Selain itu juga, penyakit cacar monyet sudah ditemukan pada tahun 1958 oleh para peneliti di Denmark yang sedang melakukan penelitian terhadap sekumpulan monyet. Kemudian, penyakit ini ditemukan pertama kalinya pada manusia di tahun 1970, sehingga bukan merupakan penyakit baru seperti Covid-19.

 

Mitos 6: Gejala Mpox Ringan Sehingga Tidak Perlu Dikhawatirkan

Sebagian besar orang yang terinfeksi mpox biasanya akan mengalami gejala-gejala ringan, seperti demam, sakit kepala, nyeri otot dan sakit punggung, merasa lemas dan kelelahan, serta mengalami pembengkakan kelenjar getah bening. 

Kemudian, pada kulit wajah, telapak tangan, telapak kaki dan selangkangan akan muncul ruam atau lesi, yang berawal dari bintik-bintik merah kemudian berkembang menjadi lepuhan berisi cairan bening atau nanah yang gatal. Pada beberapa kasus, ruam dan lesi ini kadang juga muncul di dalam rongga mulut. Namun, semua gejala ini biasanya akan sembuh setelah 2-4 minggu dengan perawatan pendukung dan pengobatan untuk meredakan gejala-gejalanya.
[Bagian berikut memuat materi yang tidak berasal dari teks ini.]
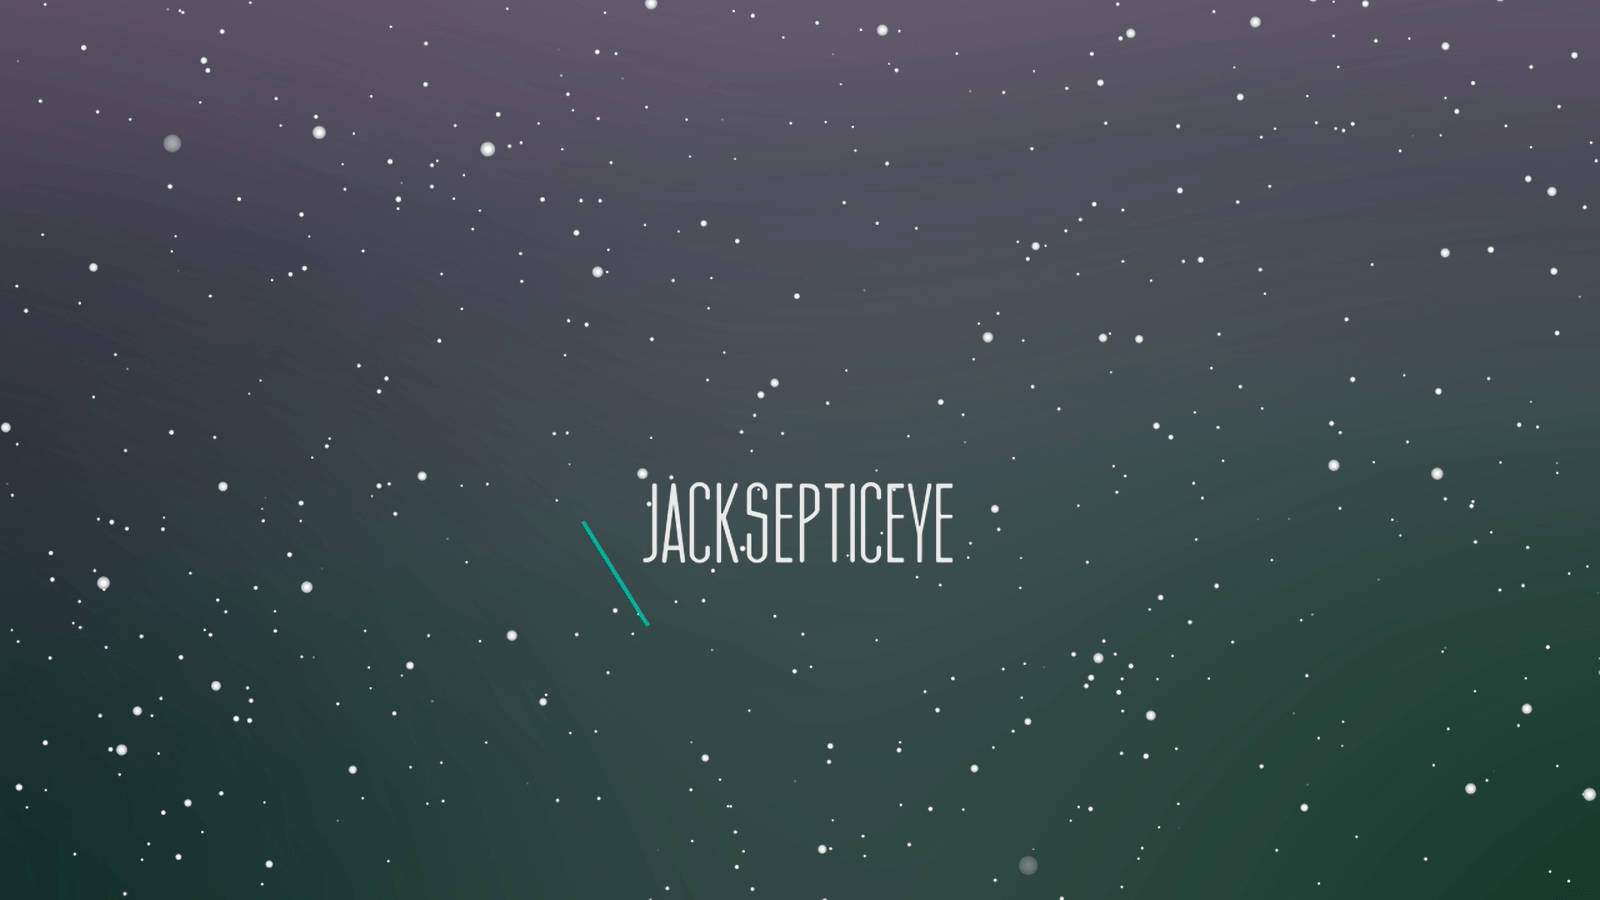 Jacksepticeye Night Sky Baggrundsbillede: Se himlen og se stjernerne skinne i et mørkt og afkølet miljø. Wallpaper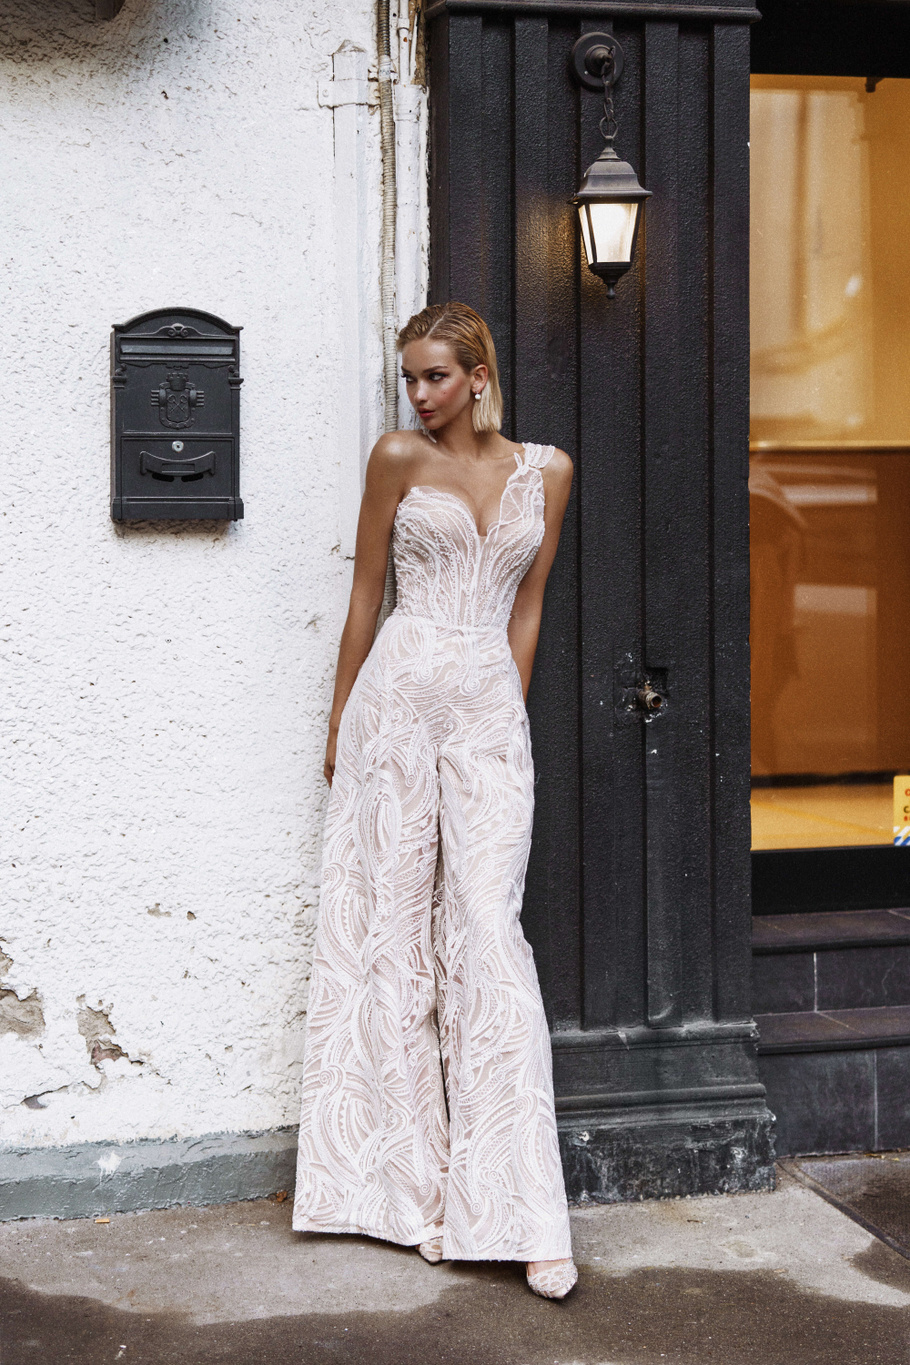 Купить свадебное платье «Марракеш» Рара Авис из коллекции О Май Брайд 2021 года в интернет-магазине

Meski demikian, pada orang-orang dengan gangguan kekebalan dan penyakit penyerta, gejala-gejala mpox bisa berkembang menjadi berat, bahkan menjadi komplikasi yang dapat mengakibatkan kematian. Contoh komplikasi yang dapat terjadi antara lain infeksi bakteri serius dari luka di kulit, kerusakan pada mata, radang paru-paru (pneumonia), radang otot jantung (miokarditis), dan radang otak (ensefalitis). 

 

BACA: Mengenal Gejala Mpox

 

Mitos 7: Mpox Dapat Sembuh Sendiri Tanpa Pengobatan

Penyakit Mpox tidak dapat sembuh sendiri tanpa perawatan medis. Jika gejala-gejala yang dialami ringan, pengobatan yang dilakukan adalah untuk meredakan gejalanya, seperti pemberian obat pereda nyeri dan demam, serta pemulihan luka. Jangan menggaruk luka, dan bersihkan dengan air antiseptik dan tangan yang telah dicuci bersih, untuk mencegah infeksi pada lesi dan luka. Anda pun dapat mengobati luka-luka yang ada di mulut dengan berkumur air garam.

Selama proses pemulihan, Anda juga harus memastikan kecukupan asupan makanan sehat dan air minum, serta tidur. Anda juga bisa melakukan hal-hal yang menyenangkan, seperti berolahraga, relaksasi, mendengarkan musik, dan lain sebagainya untuk menjaga kesehatan mental. 

Namun, jika gejala-gejala mpox bertambah berat atau menjadi komplikasi, Anda membutuhkan perawatan medis di rumah sakit dan obat antivirus untuk menyembuhkan luka dan mempercepat pemulihan. Contohnya, obat antivirus cidofovir atau tecovirimat, yang biasa digunakan untuk mengobati penyakit cacar (smallpox).

Jangan meremehkan berbagai mitos dan fakta tentang mpox yang Anda dengar, karena bisa menyebabkan kesalahpahaman yang dapat berakibat fatal jika tidak diluruskan. Selalu cari kebenarannya dari sumber-sumber informasi terpercaya, serta jangan segan untuk bertanya kepada tenaga kesehatan perihal penyakit cacar monyet ini.